How many syllables does "cry" have?
I started out to make a program which finds out the number of syllables in a word, which is when I realized that I couldn't decide how many syllables cry consists of.
According to Wikipedia,
A unit of pronunciation having one vowel sound, with or without surrounding consonants, forming the whole or a part of a word; e.g., there are two syllables in water and three in inferno
According to the above definition, cry does have 2 vowel sounds, so the number of syllables should be 2.
Technically, it should be 1, since there is a 'y' and no vowel.
I want to know what the community thinks about it.
Solution 1:
It depends on who's saying it, and what idiolect they're speaking. Some people sometimes put an epenthetic shwa between /k/ and /r/ in /krai/ to break up the cluster, and/or make the /r/ syllabic, and/or split the diphthong /ai/ into two pieces. And other times, they don't. It's not standard, sorry. It can vary from one to (in extreme cases, like the Johnnie Ray song) four or more.
Don't start with English writing, or you'll never get anywhere. Syllables are units of aural perception, not of writing; if you're still thinking of cry as containing a "Y", I'm afraid you're gonna hafta learn a whole lotta phonetics.
Start, if you must, with standard phonemic representations like the ones in Kenyon and Knott.
Solution 2:
Remember: syllables are nothing to do with spelling.
If you want a simple, everyday rule of thumb to "how many syllables in this utterance?", then you can generally equate this with "how many beats the utterance would be clapped to". So from that simple perspective, "cry" would be one syllable.
From a theoretical perspective, things are obviously a little more complicated. You can see a syllable from two main angles:
- a structural angle, in which you look at what clusters/combinations of sounds can generally occur in a given language and then derive that language's underlying syllable structure from those combinations;
- a phonetic (or at least, broader phonological) angle, in which a syllable corresponds to a peak in "sonority" or "vowelness" (or some such notion).
But:
- even from a theoretical perspective, even intuitive notions such as "how many beats" an utterance has or "which parts of the utterance would be aligned with strong beats when it is put to song" can also constitute evidence.
Usually, even from this more detailed theoretical perspective, the word "cry" would still regarded as having one syllable. The diphthong /ai/ then forms the nucleus of the syllable, and the cluster /kr/ the onset.
Why? Why not say that in /krai/, there are 'two vowels', a /a/ and a /i/, and hence two syllables? Well, a mixture of evidence such as the fact that the /ai/ appears to be 'pronounced as a glide' (as clearly opposed to, say, in "Aïda"), the fact that speakers would clap it to one beat, the fact that in the process of 'changing one word into another' in English, there clearly seems to be a common case where /ai/ can be substituted as a unit for another vowel (e.g. "creed" ~ "cried", "hide" ~ "hid"), and intuitively speakers wouldn't see this as 'more of a change' than, say, the change from "hide" to "how'd". Or put another way: if you change /ai/ to /au/, intuitively to a speaker, it doesn't feel like you've 'only changed one of two vowel sounds', but rather it feels like you've simply 'changed the vowel').

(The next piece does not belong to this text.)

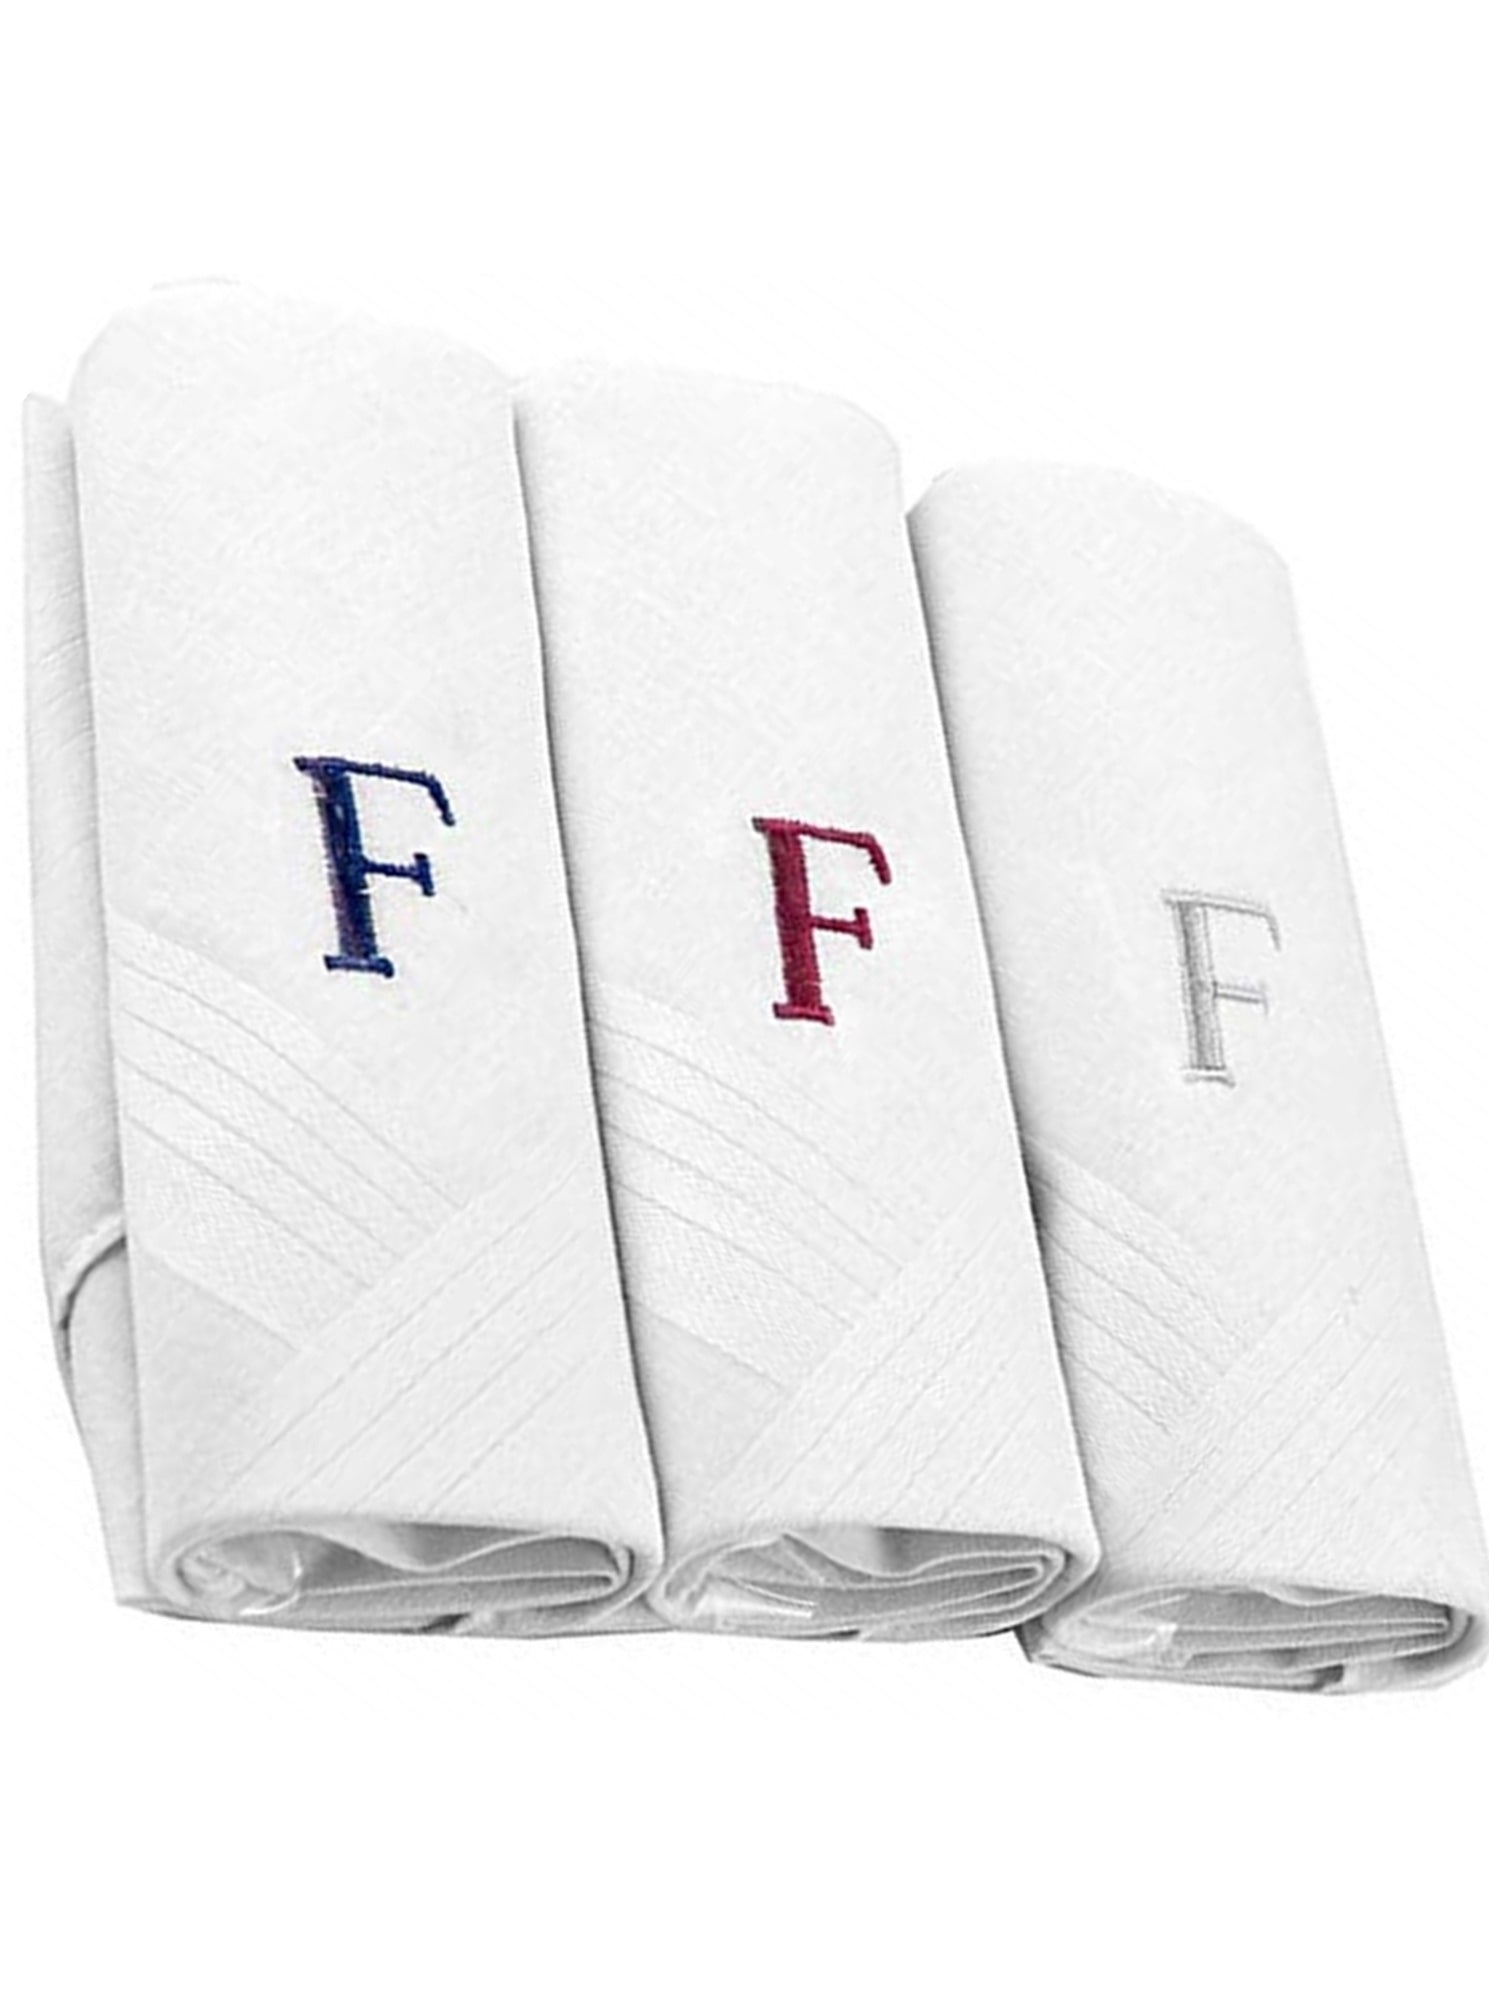 Men's Cotton Monogrammed Handkerchiefs Initial Letter Hanky Handkerchiefs TheDapperTie White F 2 x 3 Pack

There are more problematic cases, however. For example, processes of phonetic assimilation can make what we might intuitively think of as 2 syllables in practice be merged phonetically into a single syllable. Certain consonants, notably /s/, can also correspond to peaks in sonority-- there's even an argument that at some level, a /s/ after a complex cluster (e.g. "strengths", "widths") actually corresponds to a separate syllable, so that e.g. "widths" would consist of 2 syllables.
The number of syllables in "cry" is usually less controversial, though.
Solution 3:
According to Wikipedia,
A unit of pronunciation having one vowel sound, with or without surrounding consonants, forming the whole or a part of a word; e.g., there are two syllables in water and three in inferno
According to the above definition, cry does have 2 vowel sounds, so the number of syllables should be 2.
No, according to the above definition, cry has one syllable. It has one vowel sound (the "long i," formed by the y), which is "surrounded by" the consonants cr on one side, and no consonants on the other.
Note the use of the dot character to show syllables; note that cry is monosyllabic:
Solution 4:
Here is the case of 'sometimes y'. The 'y' here is the spelling that tells you the vowel sound.
In standard English it is a diphthong /ai/, a vowel followed by a glide/semi-vowel, which sounds like (and is counted as) a single vowel sound, the center of a single syllable.